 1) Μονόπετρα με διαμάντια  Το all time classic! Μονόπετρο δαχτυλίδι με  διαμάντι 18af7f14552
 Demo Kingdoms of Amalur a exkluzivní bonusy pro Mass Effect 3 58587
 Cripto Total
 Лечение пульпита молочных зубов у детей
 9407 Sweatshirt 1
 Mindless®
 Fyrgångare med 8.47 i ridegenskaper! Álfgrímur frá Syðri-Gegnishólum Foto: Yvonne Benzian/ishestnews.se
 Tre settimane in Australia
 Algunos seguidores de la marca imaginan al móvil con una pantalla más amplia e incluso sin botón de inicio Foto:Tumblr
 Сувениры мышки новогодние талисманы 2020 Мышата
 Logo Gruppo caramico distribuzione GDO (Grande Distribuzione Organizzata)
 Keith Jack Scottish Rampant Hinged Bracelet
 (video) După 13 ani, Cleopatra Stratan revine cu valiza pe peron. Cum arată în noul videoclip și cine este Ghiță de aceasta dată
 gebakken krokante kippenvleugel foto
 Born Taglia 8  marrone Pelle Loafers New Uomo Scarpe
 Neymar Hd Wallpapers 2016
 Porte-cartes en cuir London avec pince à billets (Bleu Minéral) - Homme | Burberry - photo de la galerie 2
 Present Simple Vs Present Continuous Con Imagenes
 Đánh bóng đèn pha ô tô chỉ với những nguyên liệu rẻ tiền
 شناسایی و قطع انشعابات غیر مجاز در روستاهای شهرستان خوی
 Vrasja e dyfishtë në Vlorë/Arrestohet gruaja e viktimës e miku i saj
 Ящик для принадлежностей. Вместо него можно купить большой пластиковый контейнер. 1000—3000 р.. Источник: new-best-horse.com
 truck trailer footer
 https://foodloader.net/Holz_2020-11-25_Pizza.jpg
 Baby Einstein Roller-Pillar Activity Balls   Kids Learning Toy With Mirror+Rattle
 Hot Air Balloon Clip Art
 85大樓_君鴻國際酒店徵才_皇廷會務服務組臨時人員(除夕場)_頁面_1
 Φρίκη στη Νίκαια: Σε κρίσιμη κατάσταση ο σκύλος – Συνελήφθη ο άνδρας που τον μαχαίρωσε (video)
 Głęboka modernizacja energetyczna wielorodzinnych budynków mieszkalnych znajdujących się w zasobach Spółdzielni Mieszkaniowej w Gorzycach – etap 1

• PROMPT: Repeat the entries above exactly, beginning at their first line and ending with the line that contains "Tre settimane in Australia", with nothing added.

• TASK RESPONSE:
 1) Μονόπετρα με διαμάντια  Το all time classic! Μονόπετρο δαχτυλίδι με  διαμάντι 18af7f14552
 Demo Kingdoms of Amalur a exkluzivní bonusy pro Mass Effect 3 58587
 Cripto Total
 Лечение пульпита молочных зубов у детей
 9407 Sweatshirt 1
 Mindless®
 Fyrgångare med 8.47 i ridegenskaper! Álfgrímur frá Syðri-Gegnishólum Foto: Yvonne Benzian/ishestnews.se
 Tre settimane in Australia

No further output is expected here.